[Start of Attachment]

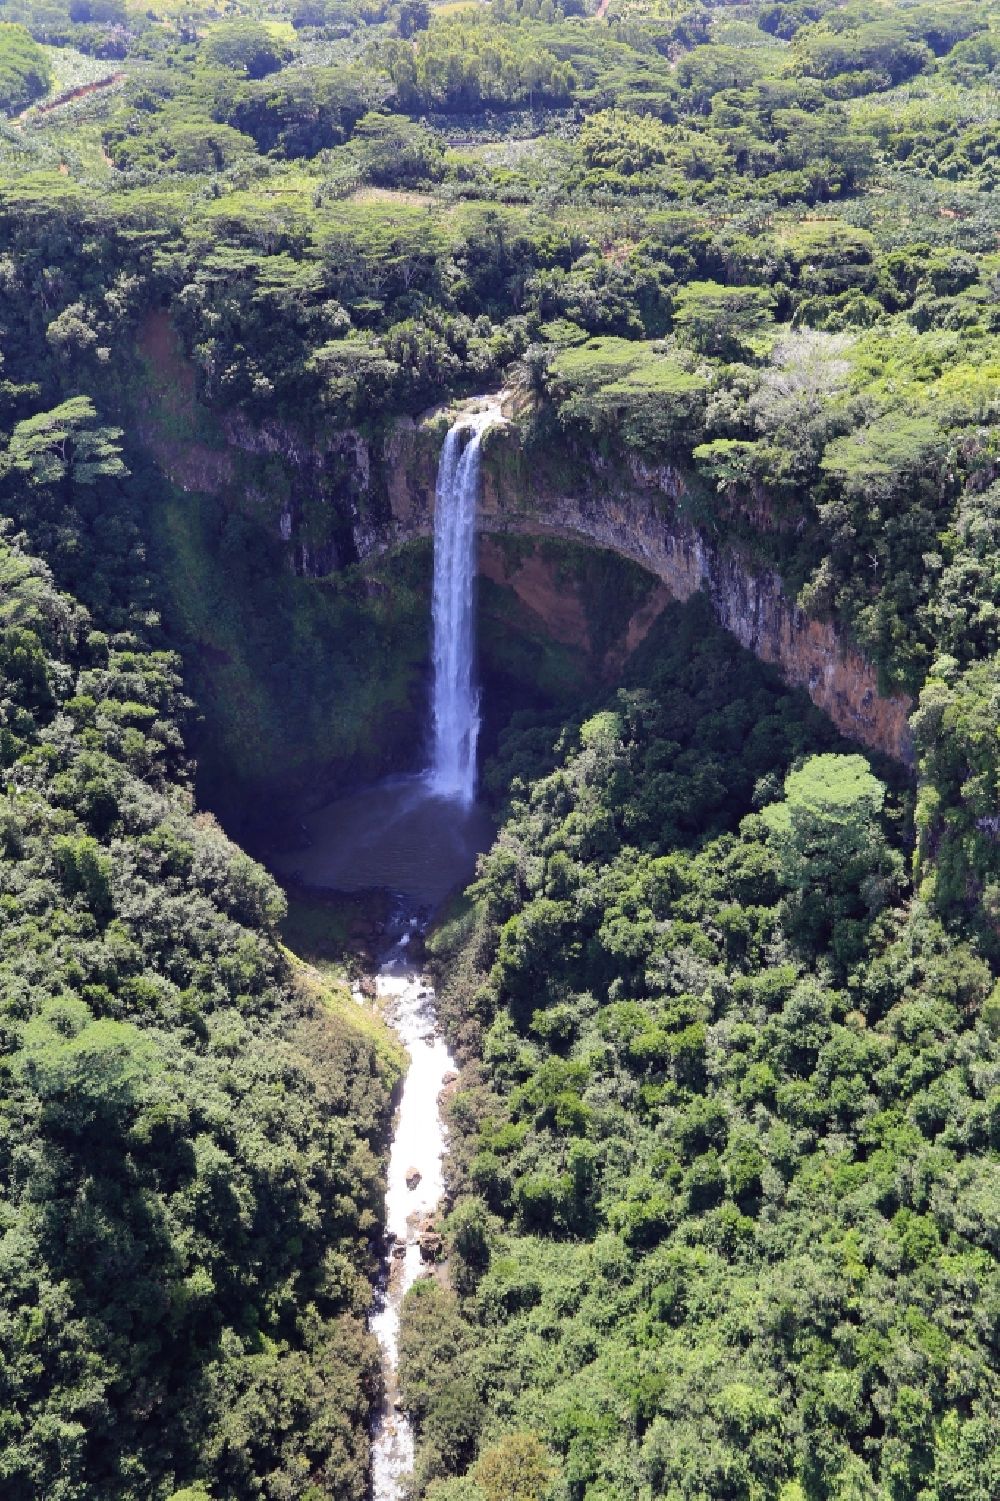 Aerial photograph Chamarel Waterfall - Tourist attraction, the falls at at Chamarel ( Cascade Chamarel ) on the island Mauritius in the Indian Ocean
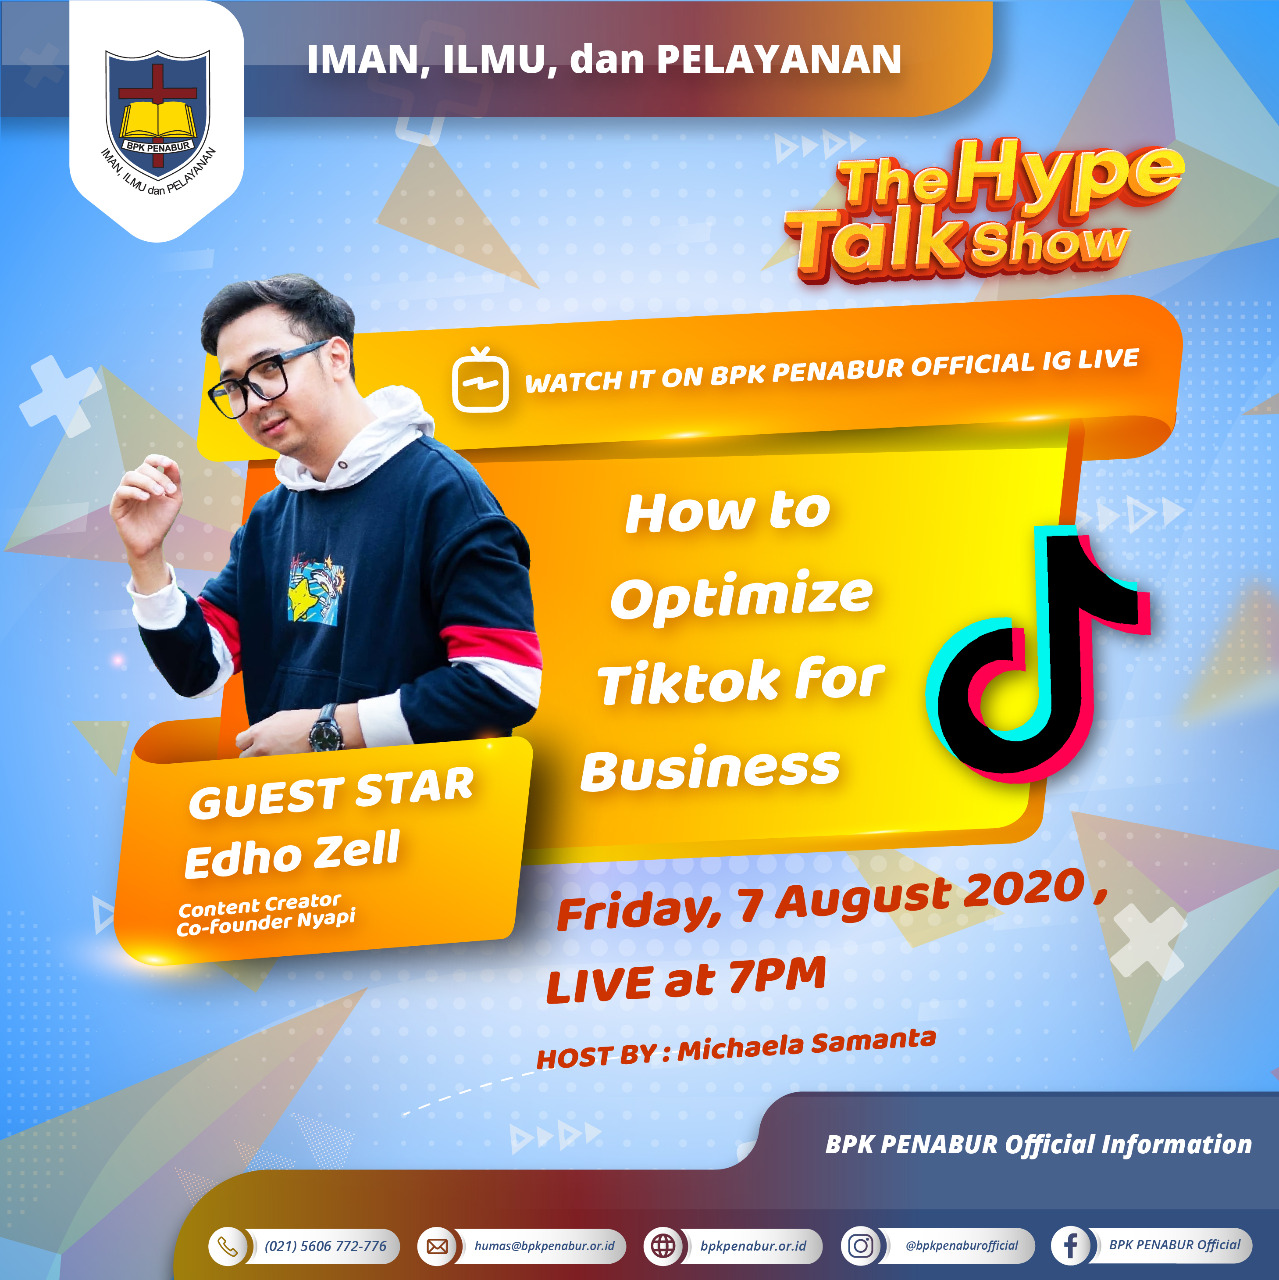 The Hype Talk Show: How to Optimize Tiktok for Business
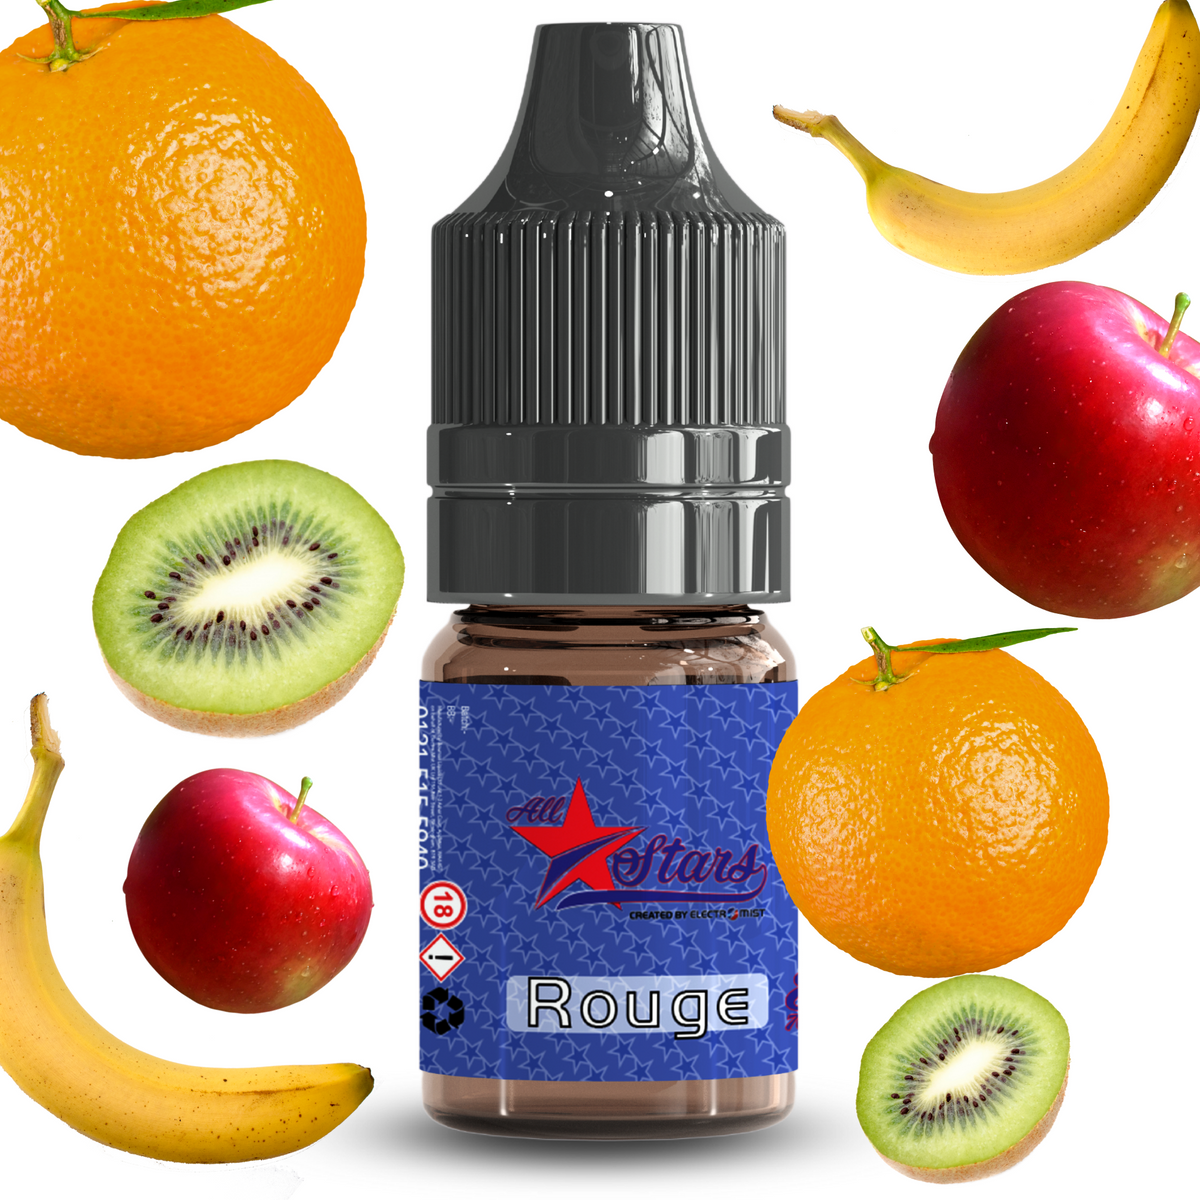 All Stars E-Liquid from the vape brand you can trust, Electromist, . Get your taste buds ready for a flavour sensation, Rouge. Nicotine Content: 6mg/12mg/18mg Products may contain nicotine. For over 18s Only ejuice, vape pen, eliquid, e cigarette, 10ml, vaping, cloud, PG, VG, 60/40, vape liquid, Flavour, TPD
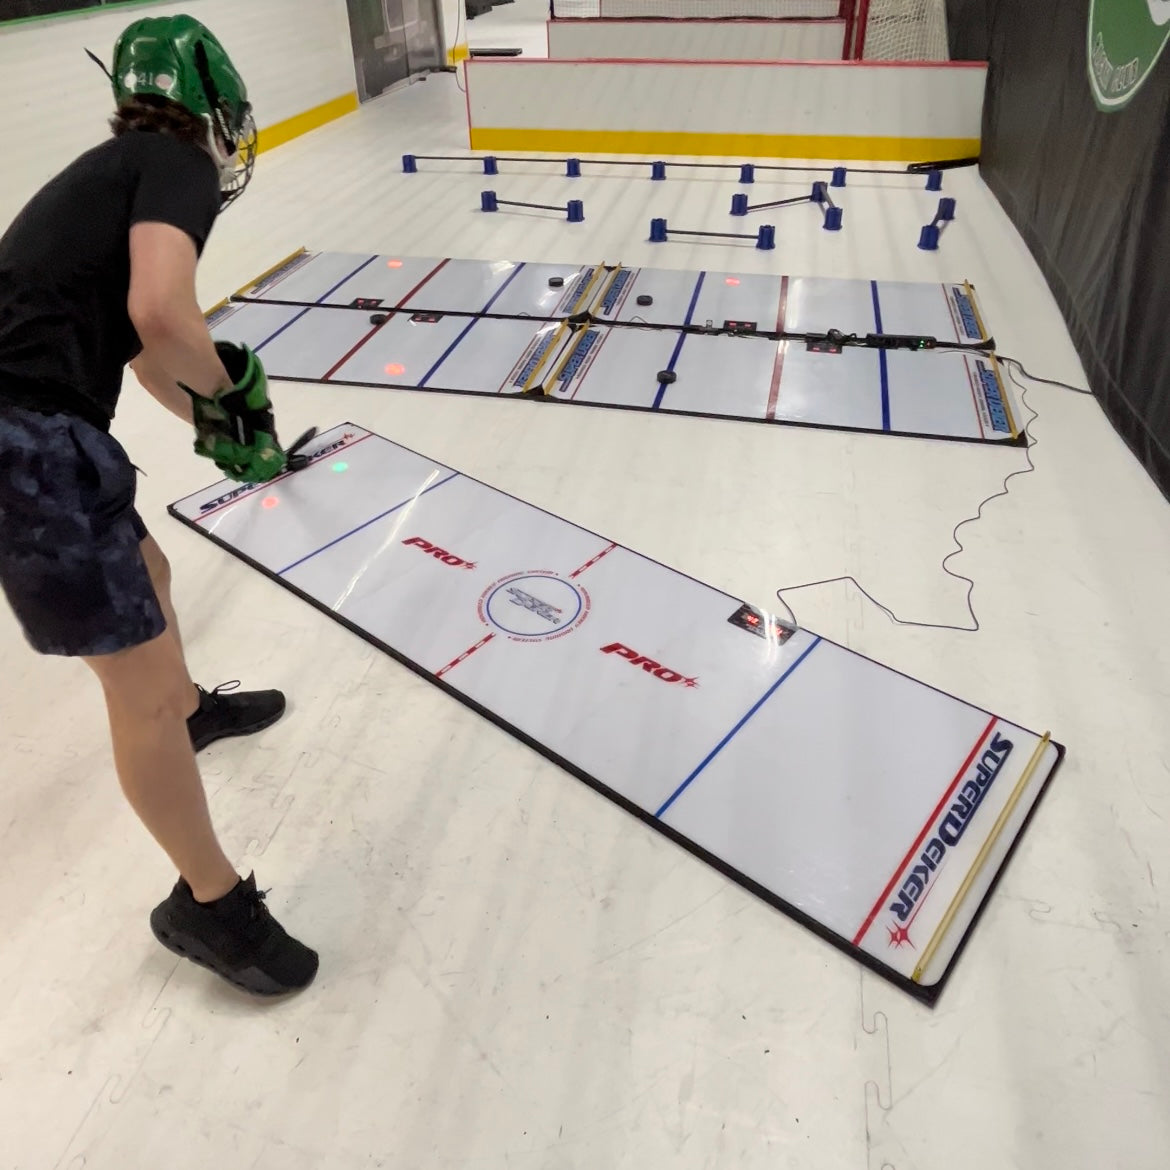 Use the SuperDekerPRO to learn how to get better at stickhandling in Hockey! This Fun Stickhandling Training Device uses lights and sensors and a connected App to improve your hockey skills!

[End of Attachment]

▶ [Task requirements] Lines before the one containing "All Stars E-Liquid" are not wanted; repeat that line and the rest of the listing exactly, leaving out pictures.

▶ [Response to this task]
 All Stars E-Liquid from the vape brand you can trust, Electromist, . Get your taste buds ready for a flavour sensation, Rouge. Nicotine Content: 6mg/12mg/18mg Products may contain nicotine. For over 18s Only ejuice, vape pen, eliquid, e cigarette, 10ml, vaping, cloud, PG, VG, 60/40, vape liquid, Flavour, TPD
 Use the SuperDekerPRO to learn how to get better at stickhandling in Hockey! This Fun Stickhandling Training Device uses lights and sensors and a connected App to improve your hockey skills!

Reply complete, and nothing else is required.